Participants suggested various monitoring methods: umbilical cord ultrasound Doppler (P39, P41), continuous abdominal ultrasound during CS (P37), abdominal ultrasound through the transferbag (P40, P42), and continuous cardiotocography during vaginal birth transfer (P6, P9–P16). Non-invasive cerebral hemodynamics via TD-NIRS was noted as promising for monitoring when the infant is in the transferbag [65].

Hygiene

Prior APAW studies were hampered by sepsis development, partly due to fluid contamination [3]. For standard CS delivery, a sterile environment is crucial: operating under filtered air ventilation, with protective measures such as gloves and cover-ups. Interviewees believed this setup would preserve hygiene during transfers. While neonatologists typically are not in sterile outfits, their increased role, particularly in cannulation, suggests placing one sterile surgical attire post-transfer to minimize contamination (P39, P42). For vaginal delivery, extra hygiene measures are needed due to AAF contact with the vaginal microbiome. While not all studies support it [66, 67], intrapartum intravaginal lavage could reduce infant infection risk from maternal pathogens [68]. Some participants cautioned against vaginal lavage due to premature infant skin sensitivity (P21, P22), preferring non-iodine solutions (P21, P22). A physical barrier between the birth canal and perinate, coated with sterile agents, was also suggested (P17). During transfer, maternal amniotic fluid mixing with AAF might necessitate circulating AAF flow in the transferbag. Current APAW systems refresh AAF continuously to reduce microbial accumulation [5]. Participants recommended administration of antibiotics to further lower infection risk (P9, P12, P16, P39, P42).

Cannulation and establishment of circulation

Umbilical cord length averages about 40 centimeters at 24 weeks of gestation [69]. Hence, if umbilical cord cannulation is performed, it must be done near the mother due to cord length constraints. Simulations (phases III and V) highlighted the need for the infant to stay close to the incision site post-delivery. Preserving adequate native cord length has been shown to be beneficial for improved cannula stability [10]. The duration of the cannulation was also mentioned (P42): “Safety requirements must be added [to the protocol]; how long can it take? If the cannulation lasts longer than X seconds, you must decide to convert to standard care”. In addition to performing the cannulation after the infant has been transferred into a transferbag, there is also the possibility of cannulation while the infant is still intrauterine (resembling the ex-utero intrapartum treatment) [70].

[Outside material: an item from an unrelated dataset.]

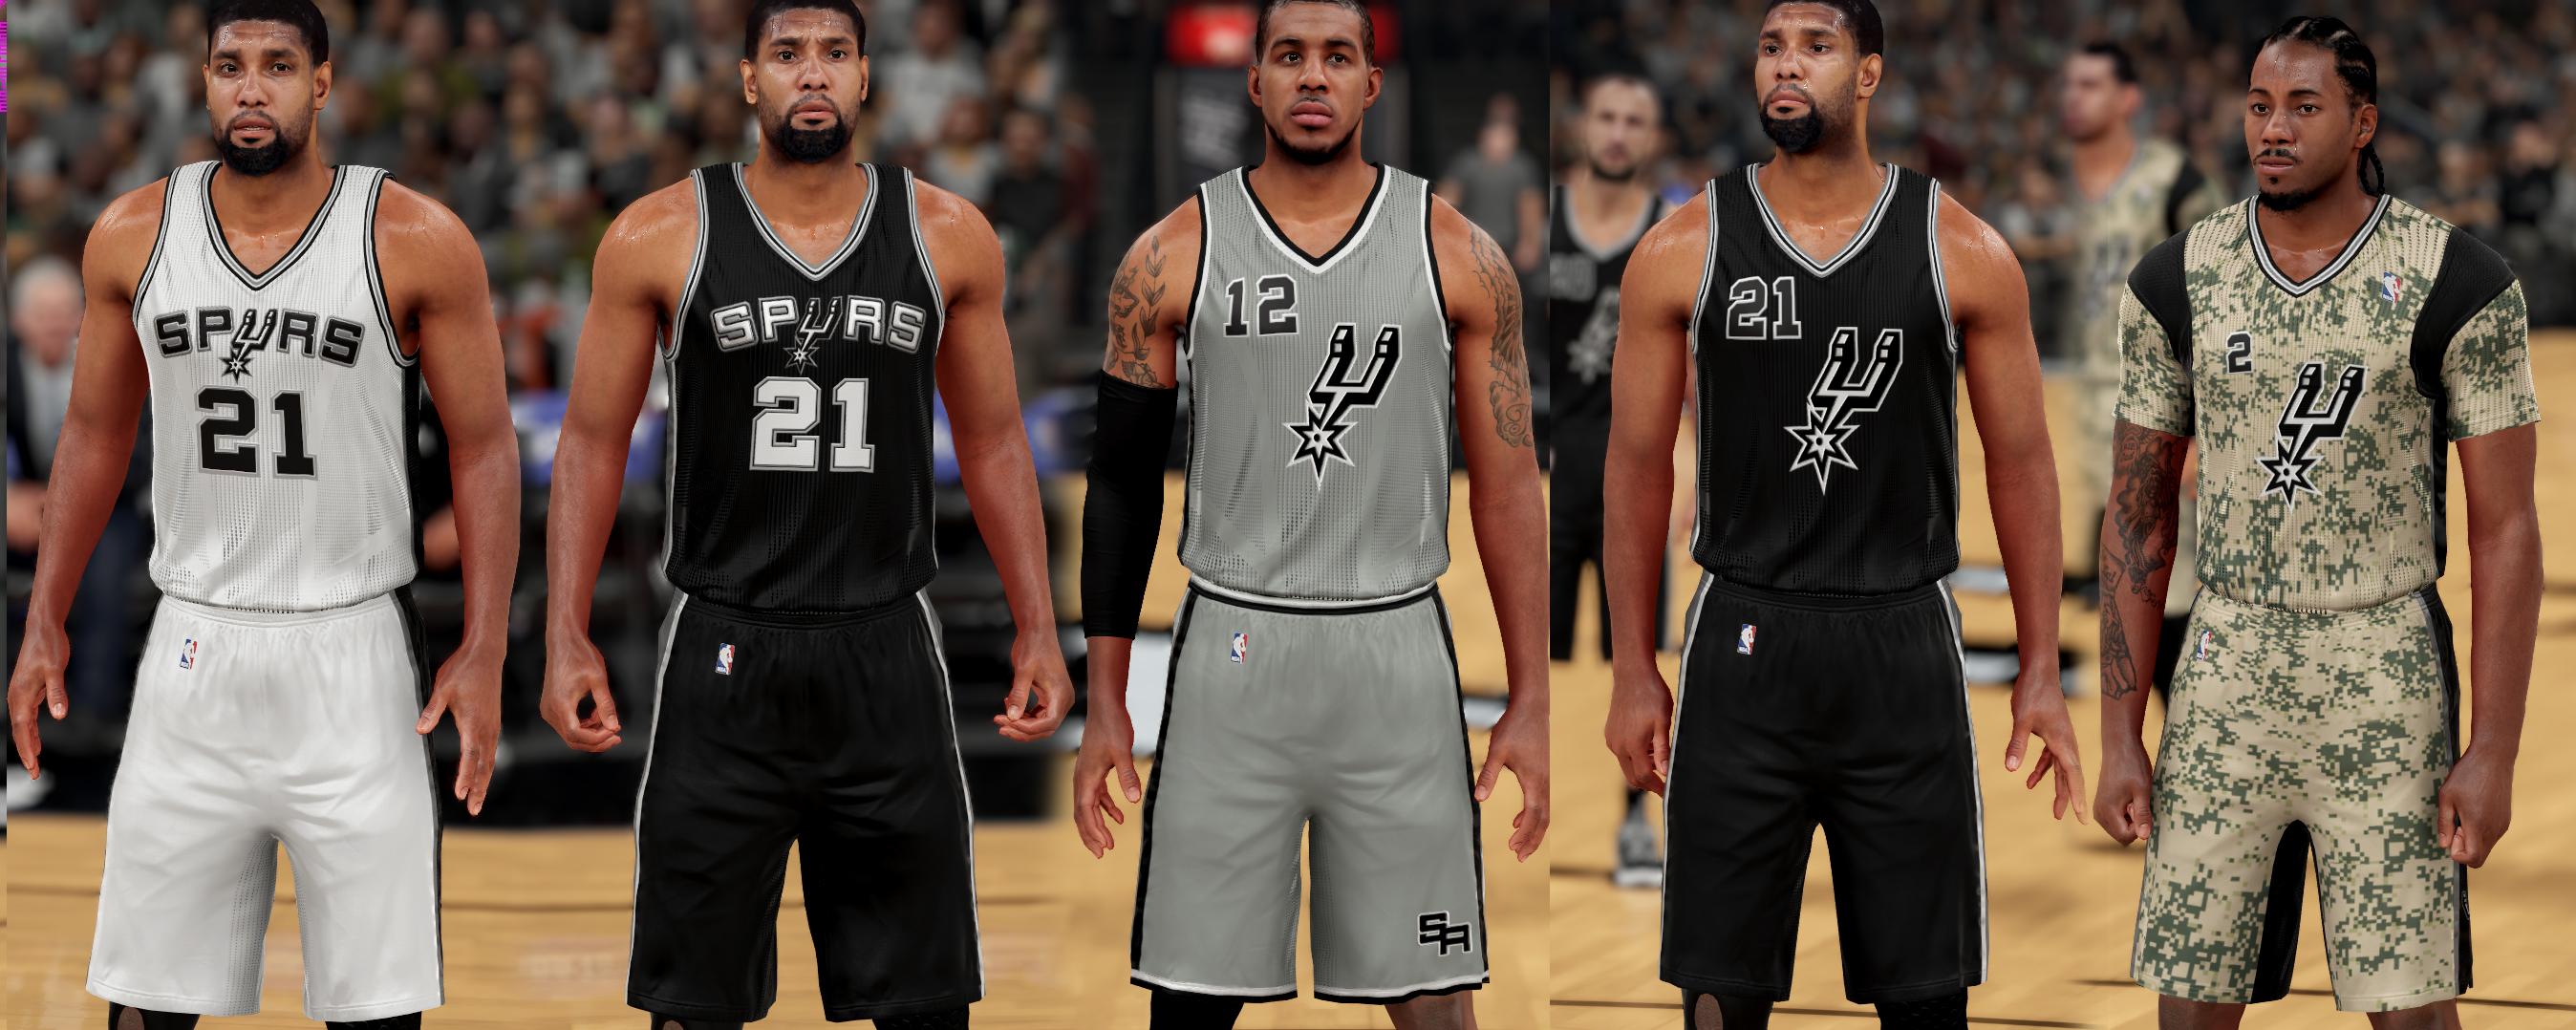 4e4f641ca419 NLSC Forum • Downloads - San Antonio Spurs Jersey

Distribution of tasks and positioning of clinicians

Simulations (phases III and V) informed efficient task allocation and participant positioning around the operating table. Initial simulations involved two participants on each side (phase III). Simulations revealed tacit knowledge and guided discussions on dexterity, optimal sight, workload division, and transferbag handling, resulting in iterative refinements. During the simulations, it appeared the most optimal to have four persons involved in the transfer: a perinatologist and surgical assistant on either side of the operating table. The surgical assistants supported the perinatologists on corresponding sides. The perinatologist on the left side made the incisions (due to the left lateral tilt), and delivered the perinate in the transferbag, while the perinatologist on the right side inserted the retractors from the transfer tool. At the time of delivery, the staff on the right turned the mother on her side. Post-procedure, the right and left sides were split up into two teams. With the left side being responsible for the perinate and communicating with neonatologists, aid in the umbilical cord cannulation, and the right side oversaw maternal after care, delivered the placenta, and sutured the incisions (see Table 1).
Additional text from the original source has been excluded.